» **Required action**
All of the data that follows is to be written out exactly, with images excluded.

» **Provided data**

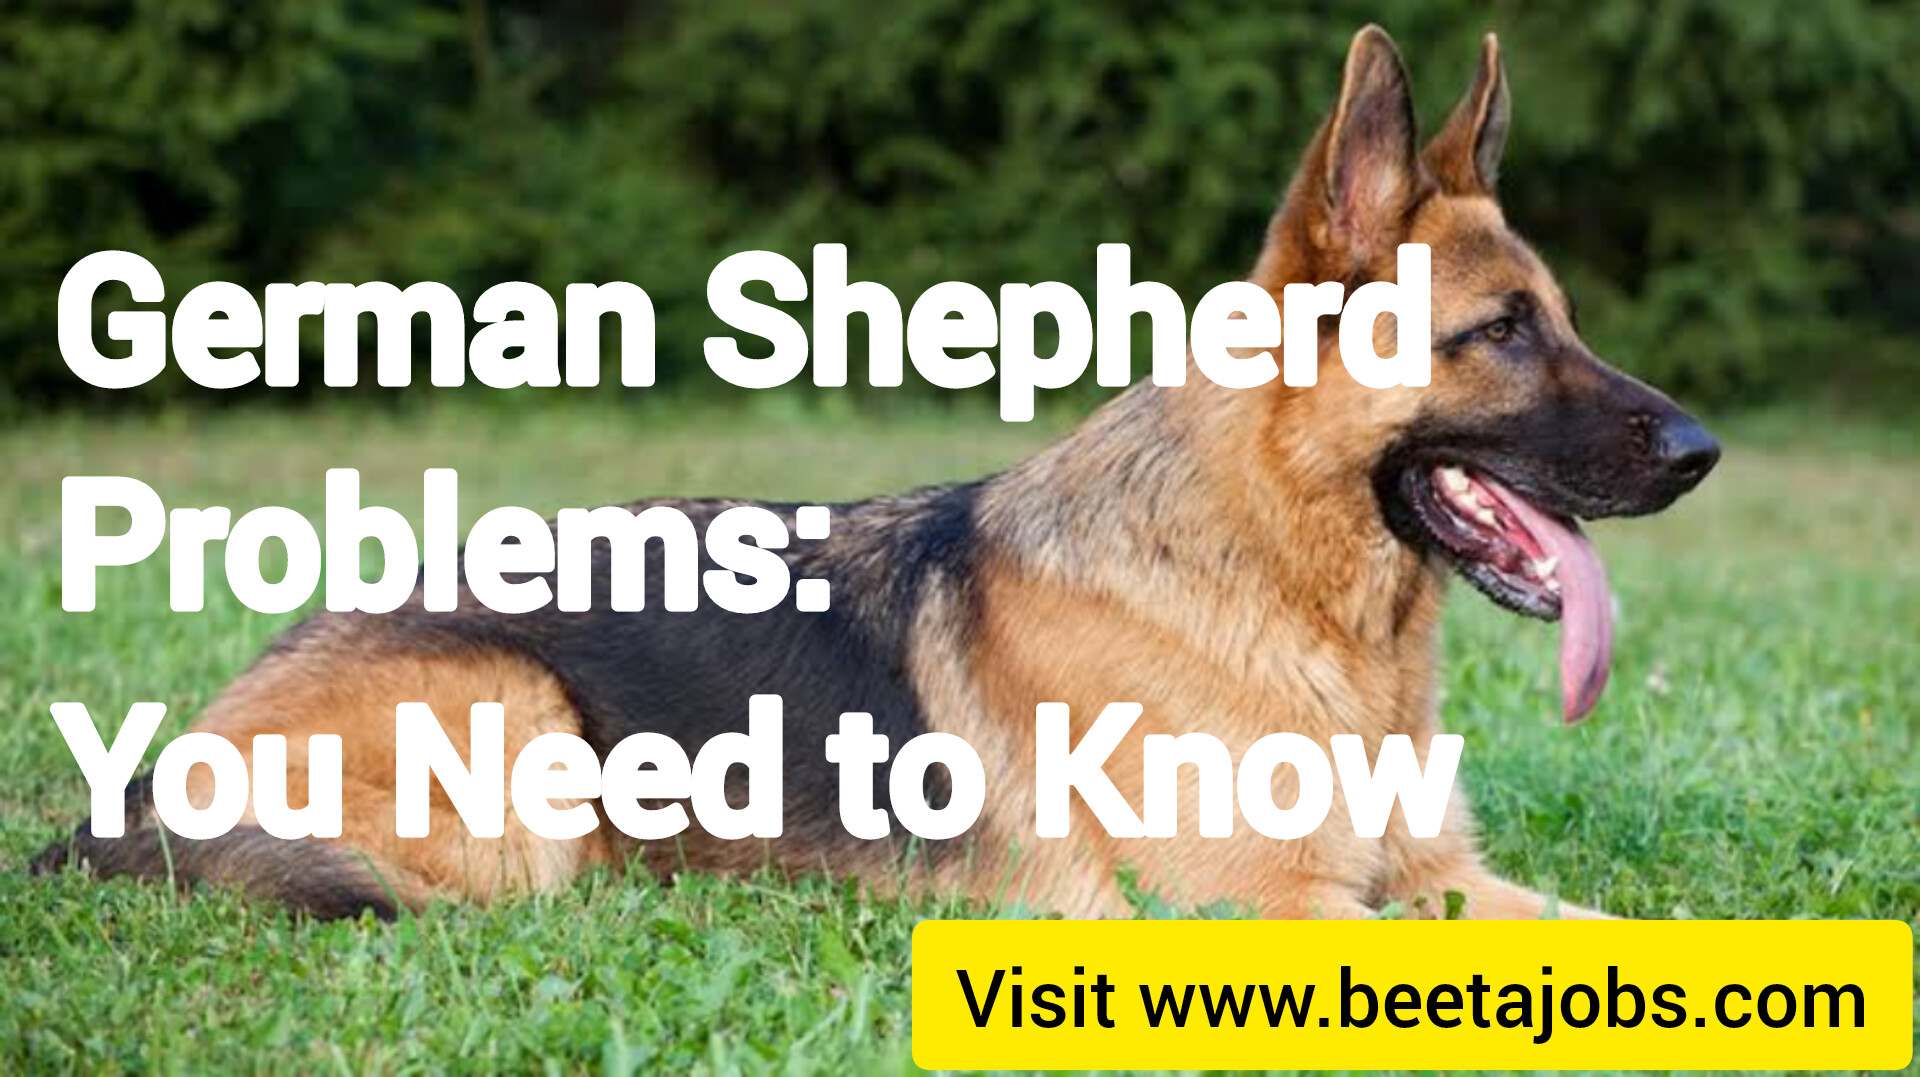 German Shepherd Problems: You Need to Know
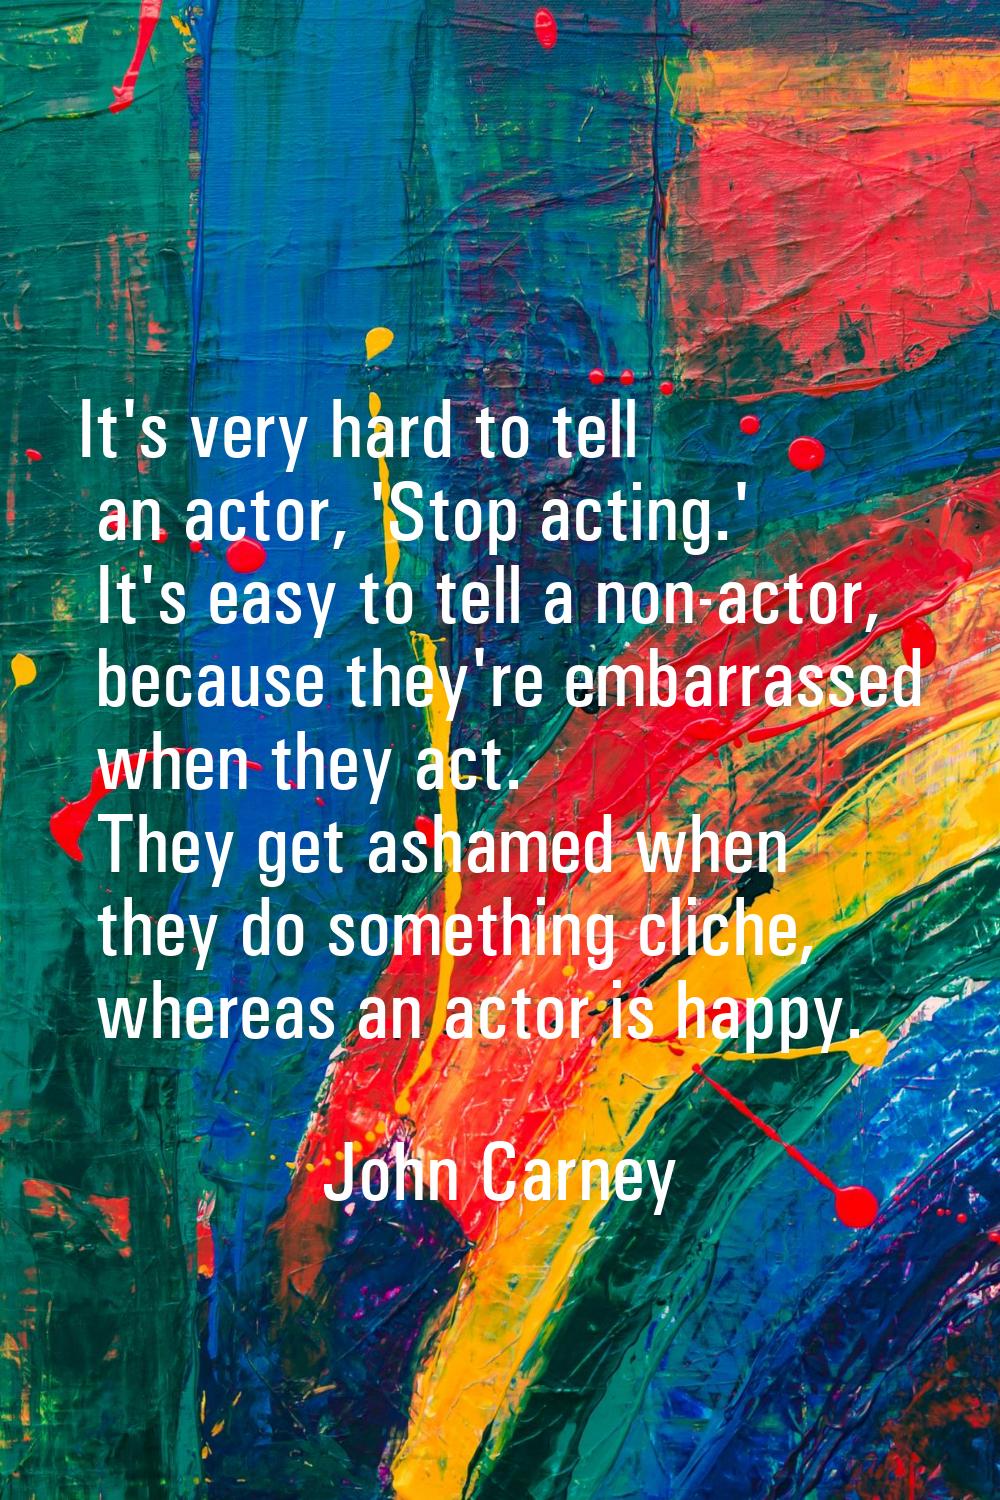 It's very hard to tell an actor, 'Stop acting.' It's easy to tell a non-actor, because they're emba
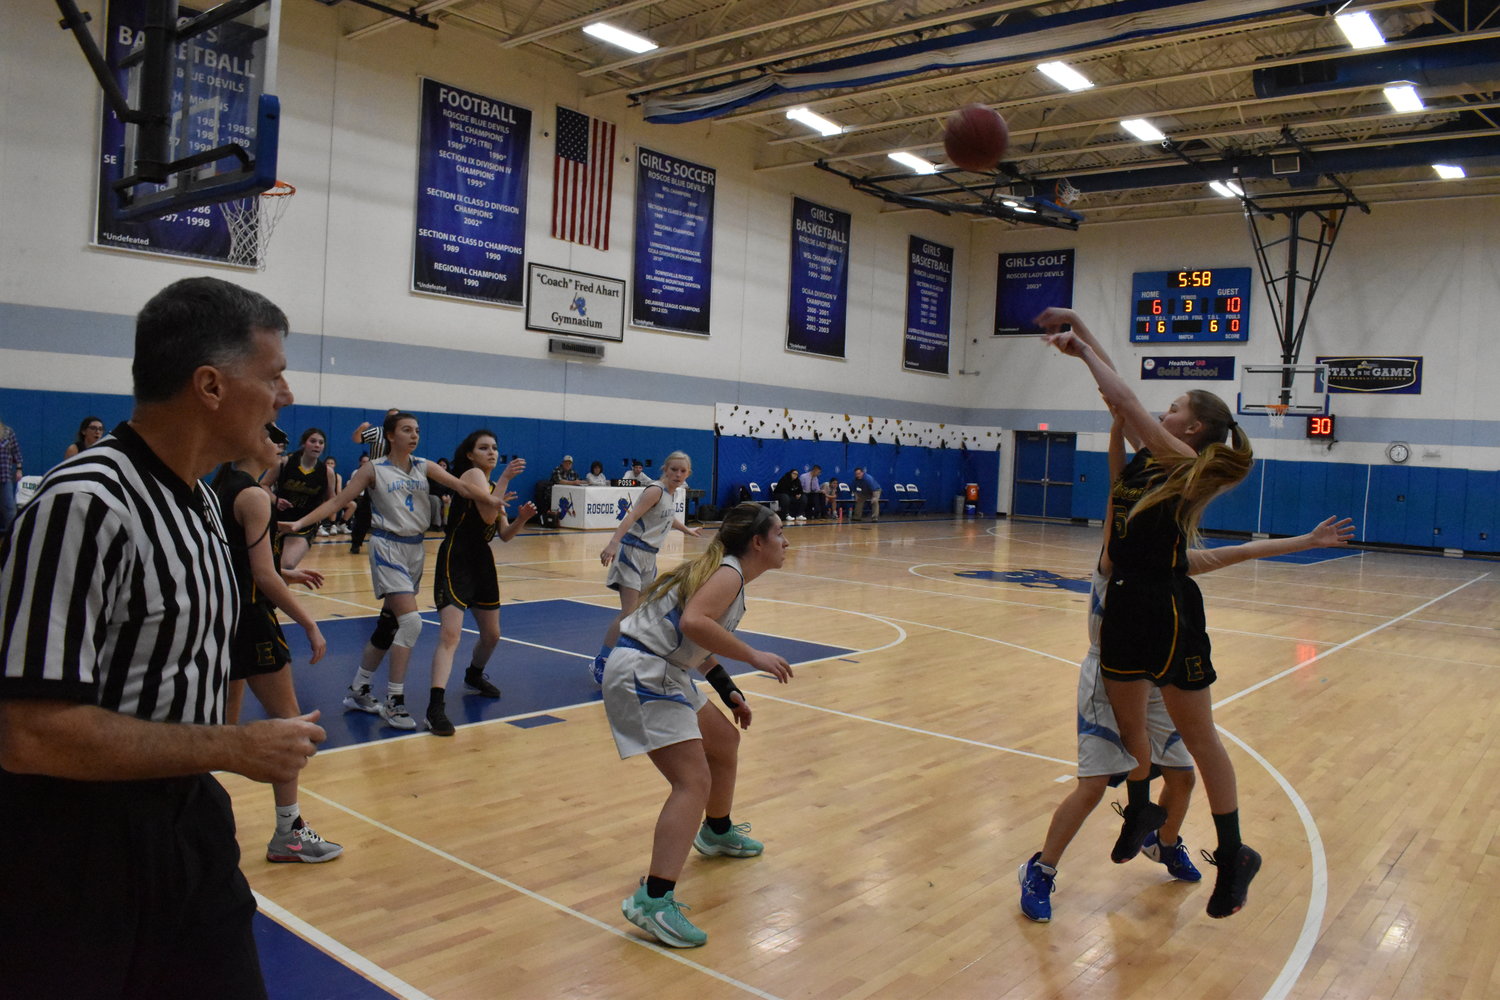 Regan Kizer draws a foul in the third quarter while going up for a jump shot. Her three points in the third quarter contributed to the winning stretch for Eldred.

» **Written reply**
 German Shepherd Problems: You Need to Know
 It's very hard to tell an actor, 'Stop acting.' It's easy to tell a non-actor, because they're emba
 Regan Kizer draws a foul in the third quarter while going up for a jump shot. Her three points in the third quarter contributed to the winning stretch for Eldred.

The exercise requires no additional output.